## Your instructions
Everything from the line containing "Why did Konami" to the end of the listing, both included, should be returned exactly, apart from the pictures.

## Collected material
****

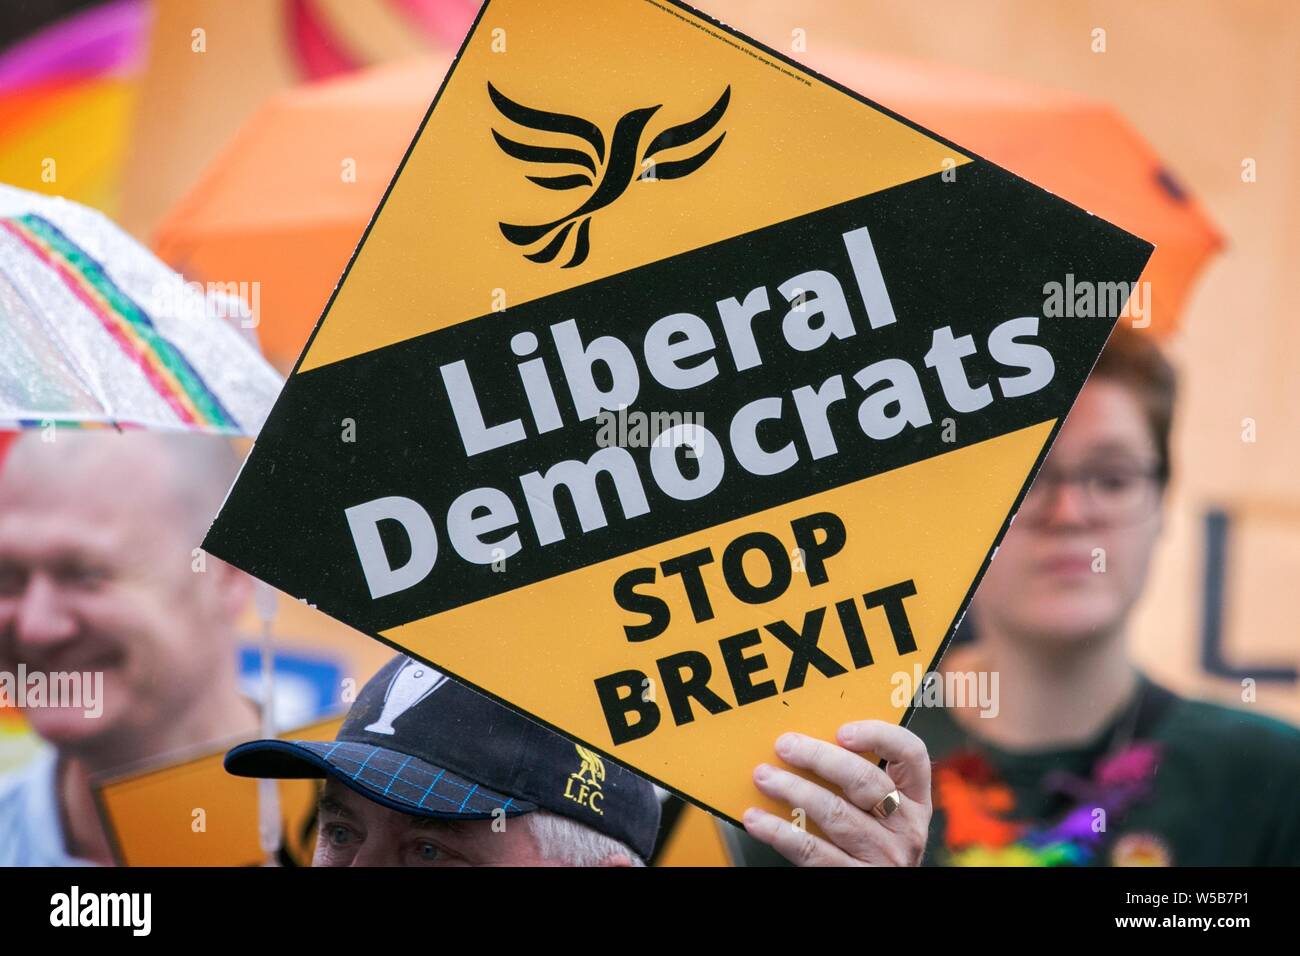 Liberal democrats stop brexit campaigning in Liverpool, Merseyside, UK Stock Photo
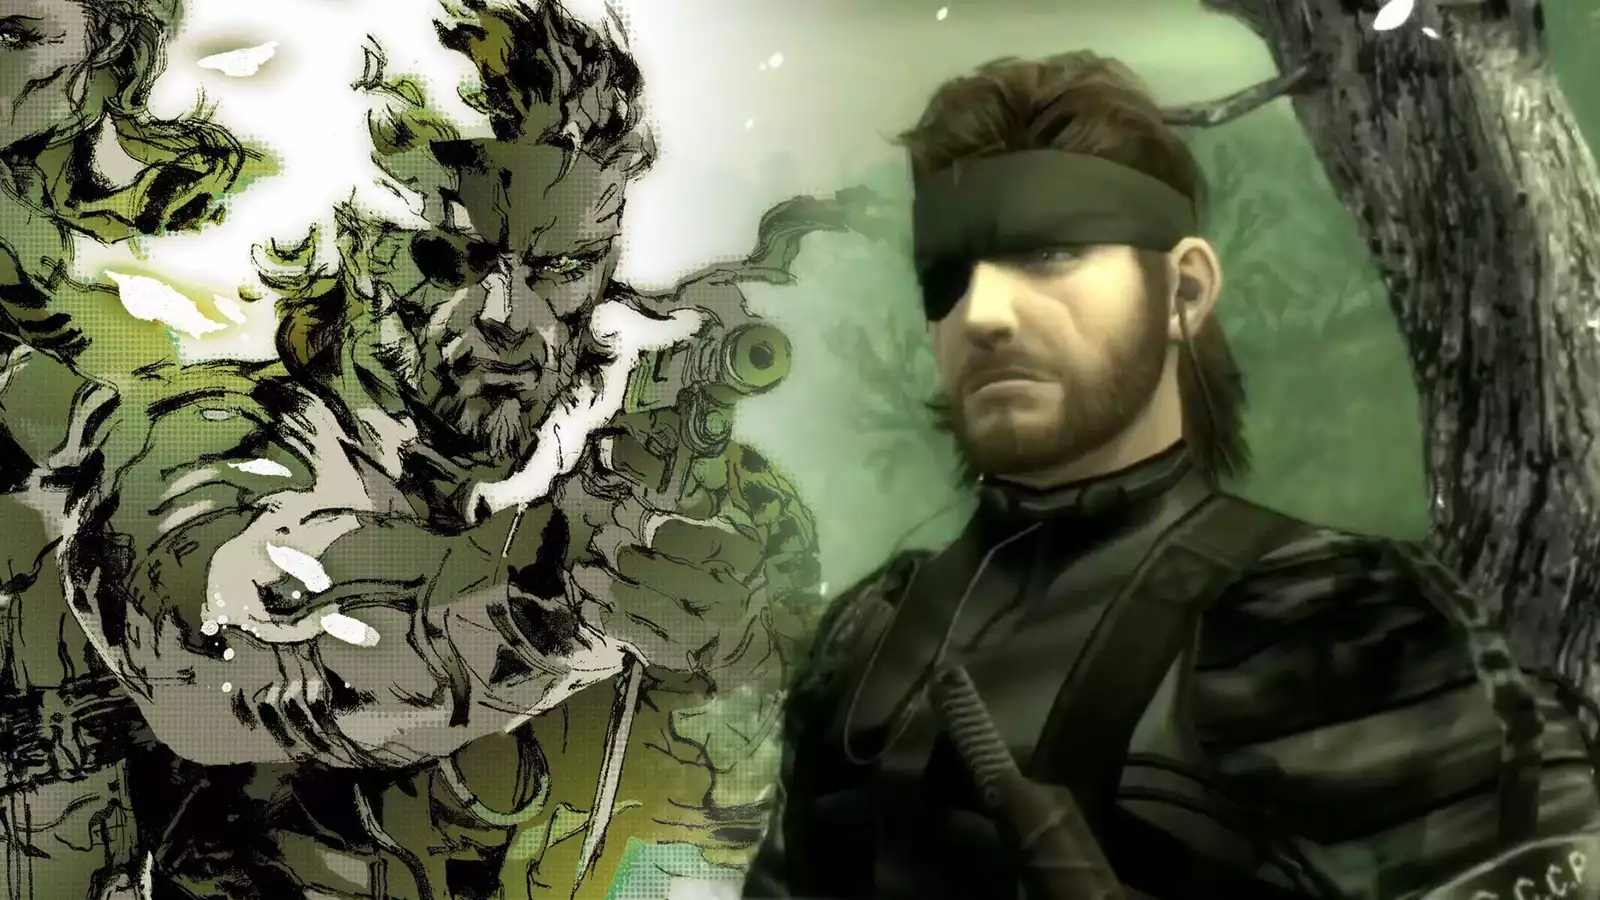 Why did Konami pick Metal Gear Solid 3 to remake?
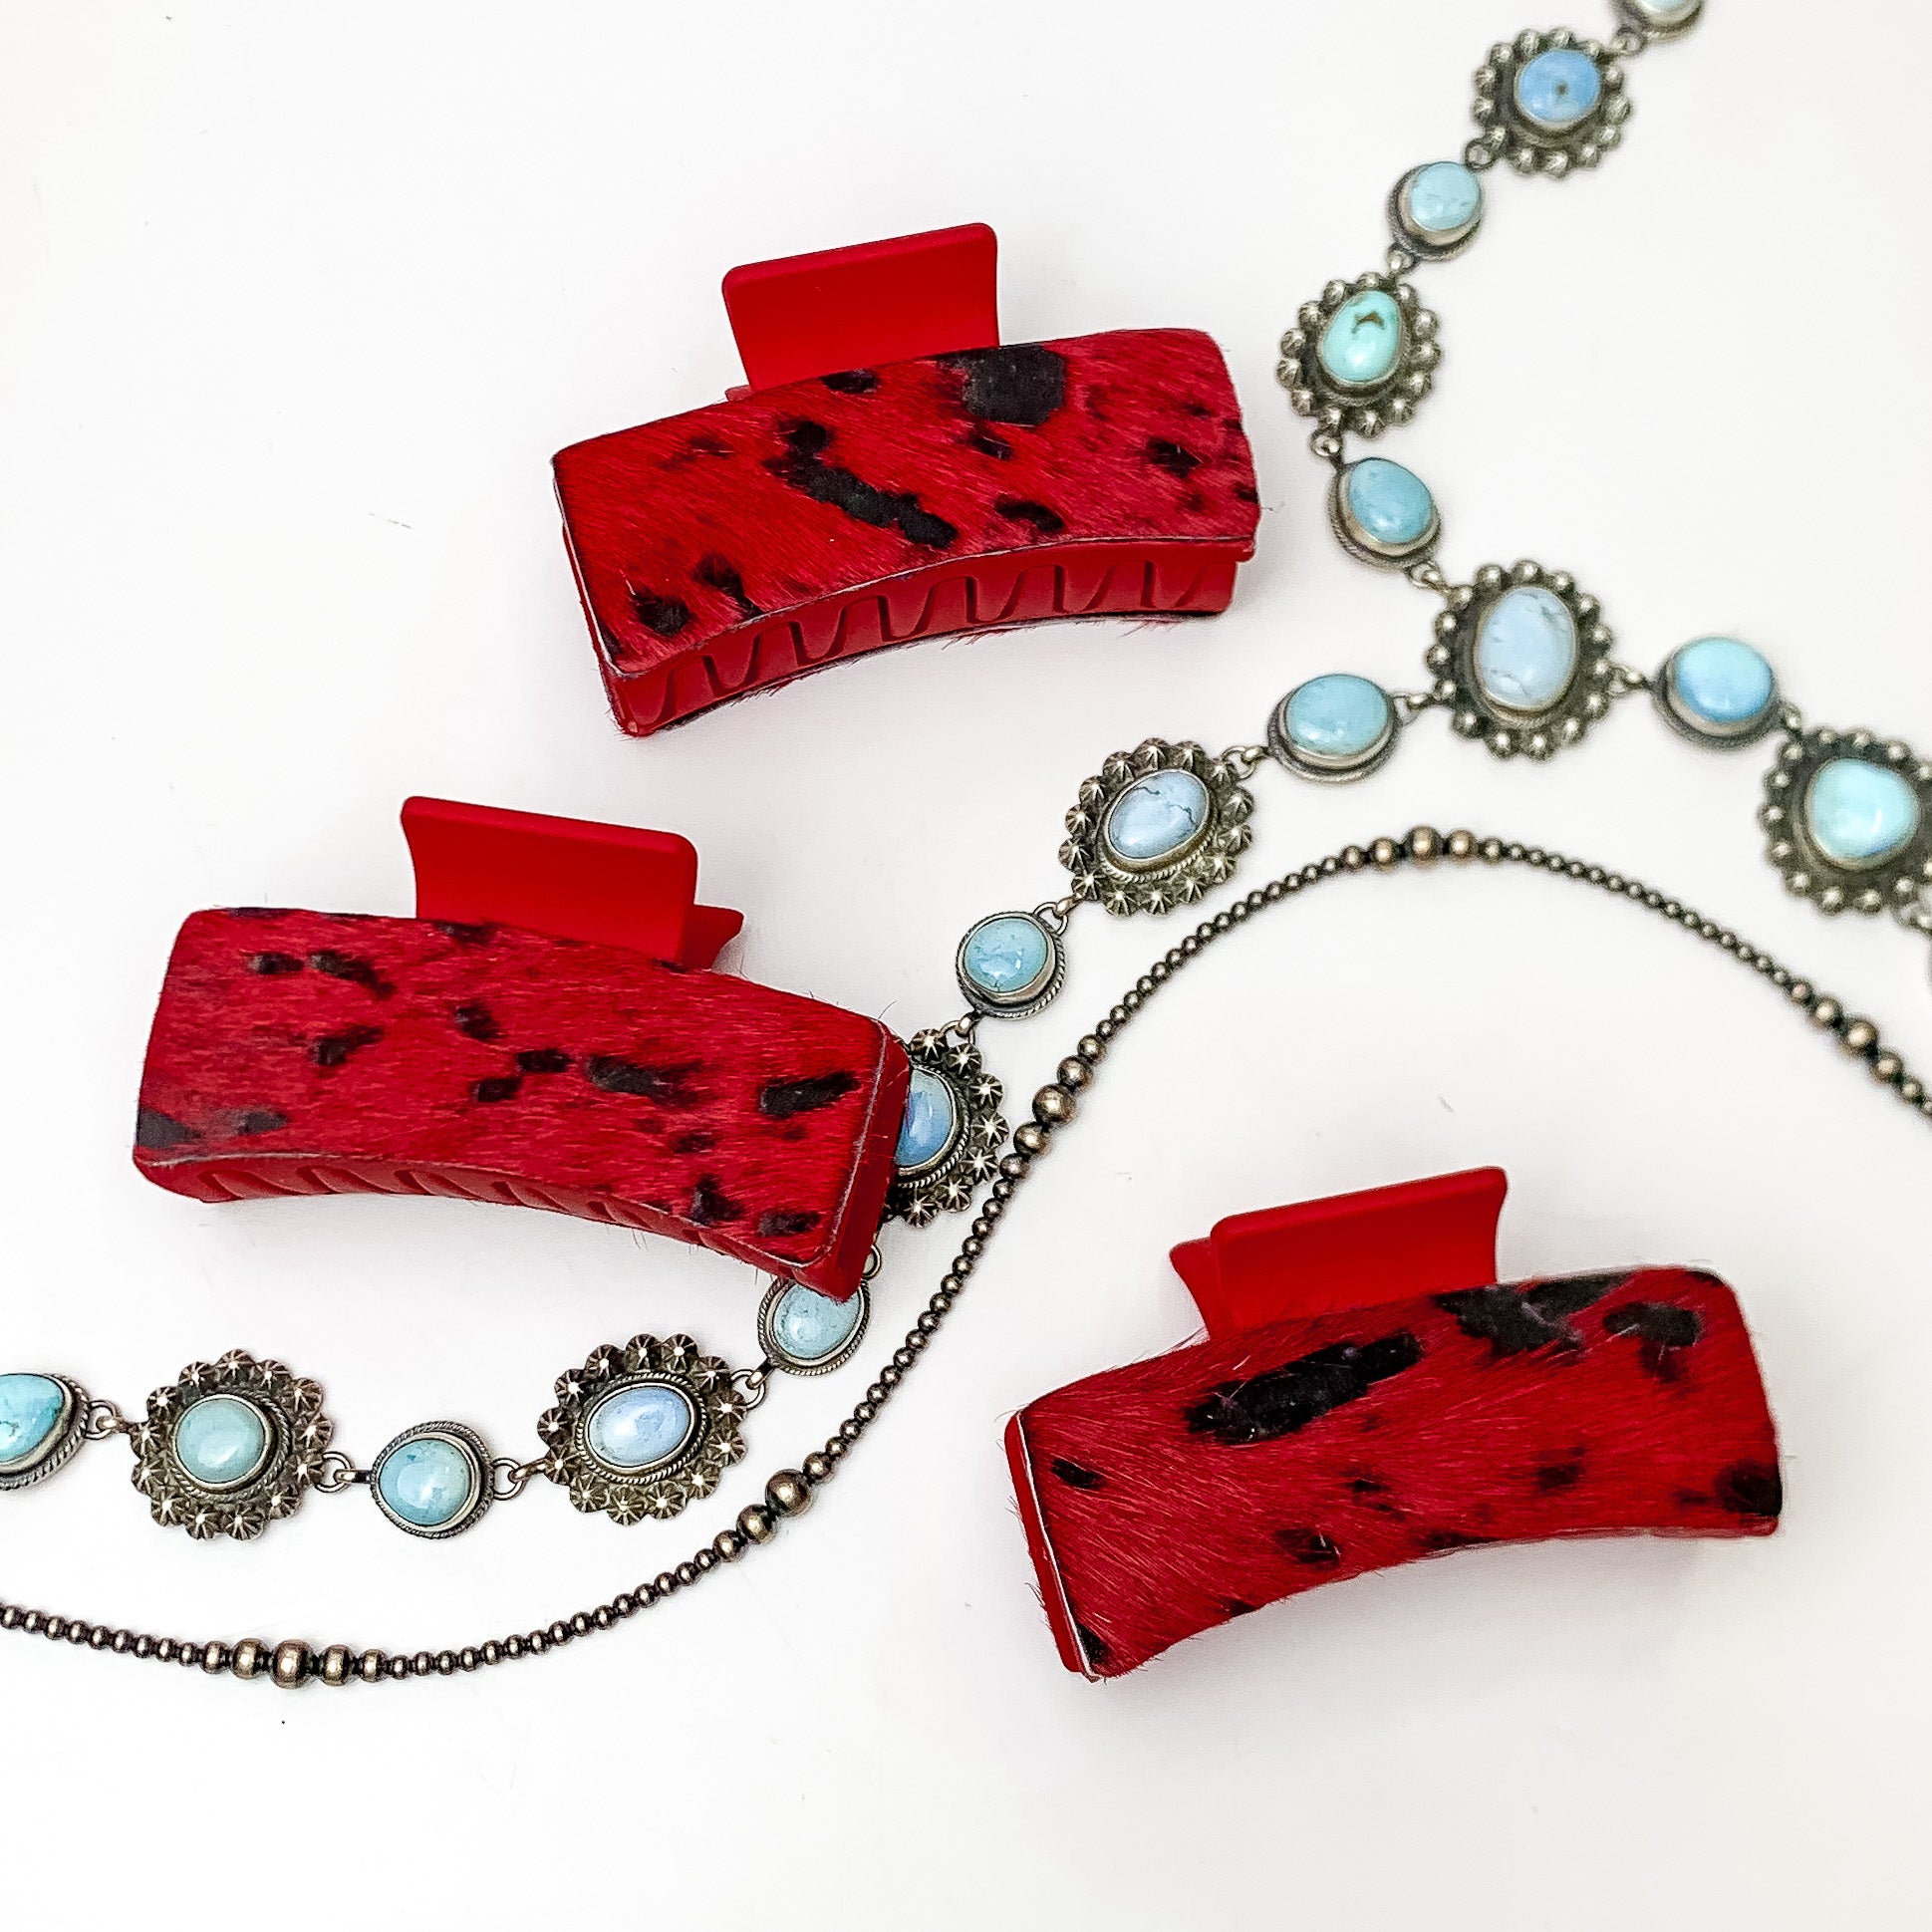 Pictured are three red hair clips with red and black hide patches. These earrings are pictured on a white background with silver necklaces under the clips.

****

## Response to this task
 Why did Konami pick Metal Gear Solid 3 to remake?
 Pictured are three red hair clips with red and black hide patches. These earrings are pictured on a white background with silver necklaces under the clips.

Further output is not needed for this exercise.